Pronta la distribuzione dei vaccini in Usa: le prime dosi dei vaccini sono state spedite a centinaia di centri di distribuzione dalla fabbrica di Pfizer situata in Michigan. Attesa anche per la valutazione sul vaccino sviluppato dalla società biotech Moderna (+2,10%), che l’FDA renderà noto questa settimana.

A salire a Wall Street sono soprattutto i titoli delle società che più hanno sofferto a causa del lockdown e che beneficerebbero di conseguenza in miusura maggiore del ritorno alla normalità, dunque le società del settore aereo e del turismo. Carnival, operatore di crociere, balza del 5%, mentre American Airlines avanza di oltre il 3%.

Alphabet, la holding a cui fa capo Google, osservata speciale, dopo i problemi che hanno colpito Gmail, Youtube e Meet. Da segnalare che quest’ultima ospita molte delle lezioni di milioni di studenti attualmente in DaD (Didattica a Distanza) in tutta Europa. #googledown è l’hashtag che circola su Twitter e su altri social. Il titolo Alphabet è tuttavia in rialzo.

Voglia di recupero a Wall Street, dopo che la Borsa americana ha riportato la sua prima settimana in rosso degli ultimi mesi, a causa dell’impasse nel Congresso, sul piano di stimoli anti-Covid-19.

Lo S&P ha ceduto quasi l’1% la scorsa settimana, negativo per la prima settimana delle ultime tre; il Dow Jones ha perso lo 0,57% (anche in questo caso prima settimana negativa delle ultime tre), mentre il Nasdaq Composite ha perso quasi lo 0,7% nella sua prima settimana delle ultime quattro.

Tra i market mover principali di questa settimana che si è appena aperta, la decisione sui tassi da parte della Federal Reserve, attesa per mercoledì 16 dicembre e l’ingresso ufficiale di Tesla nell’indice S&P 500, venerdì 19.

Oggi è la giornata del voto ufficiale dei Grandi elettori degli Stati Uniti, che si riuniranno nelle capitali dei loro rispettivi stati per decretare il voto del “collegio elettorale”, con cui viene eletto il presidente degli Stati Uniti.

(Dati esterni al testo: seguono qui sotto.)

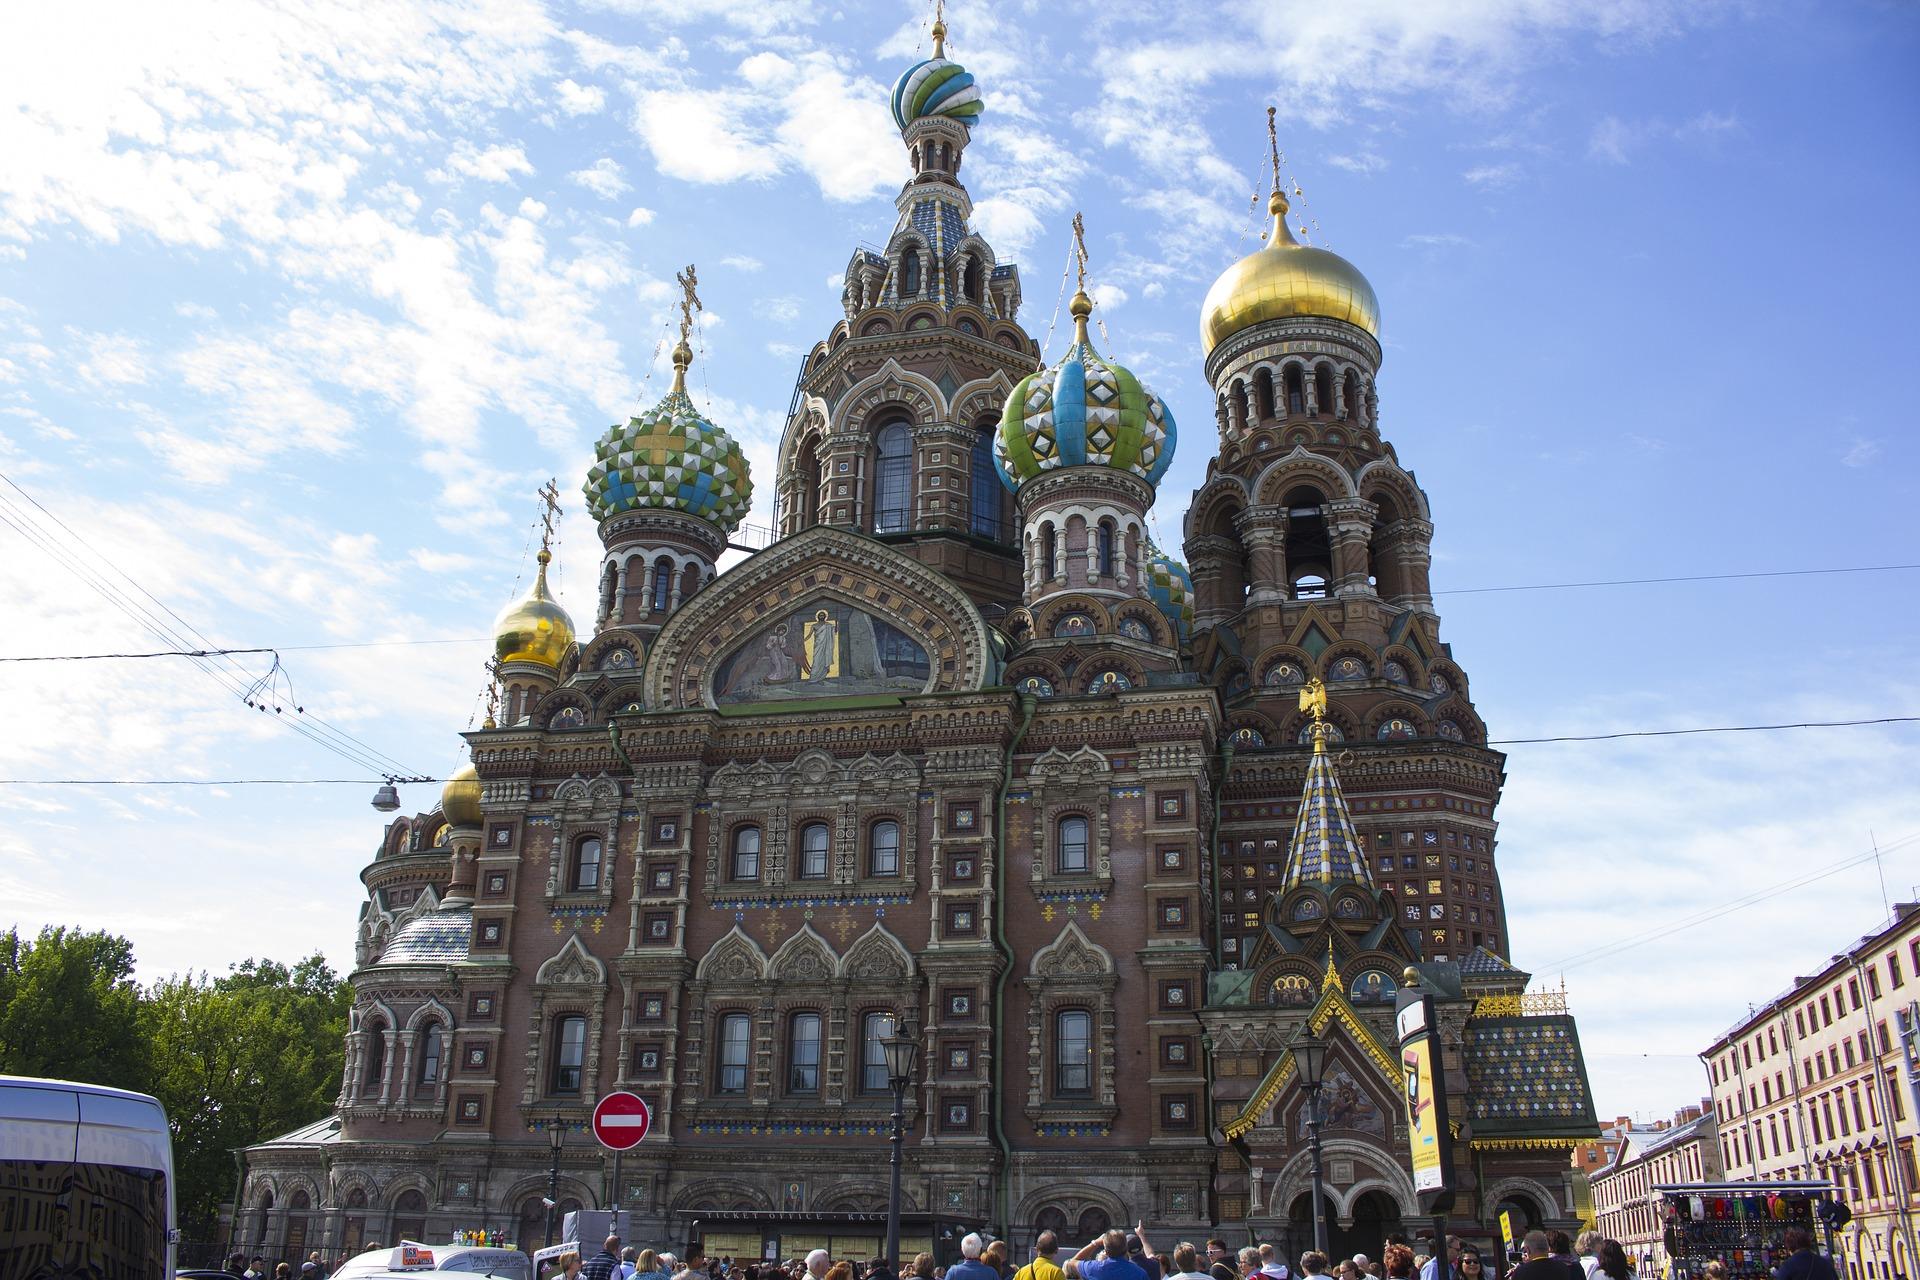 St. Petersburg mit dem Hop on Hop off Bus

Vale la pena ricordare che, ad assegnare la vittoria al candidato all’Election Day, in via concreta, non è il voto del popolo, ma quello del collegio elettorale, che è composto da 538 grandi elettori.

Per diventare presidente, il candidato deve assicurarsi la maggioranza semplice dei voti, ovvero 270 voti.

Dalle elezioni presidenziali del 3 novembre scorso, è risultato vincitore il candidato democratico Joe Biden, che si è assicurato 306 voti dei Grandi elettori contro i 232 assegnati a Donald Trump.

I Grandi elettori dovrebbero confermare l’esito delle elezioni presidenziali Usa, anche se Donald Trump continua a strepitare, parlando di “elezioni più corrotte della storia degli Stati Uniti”.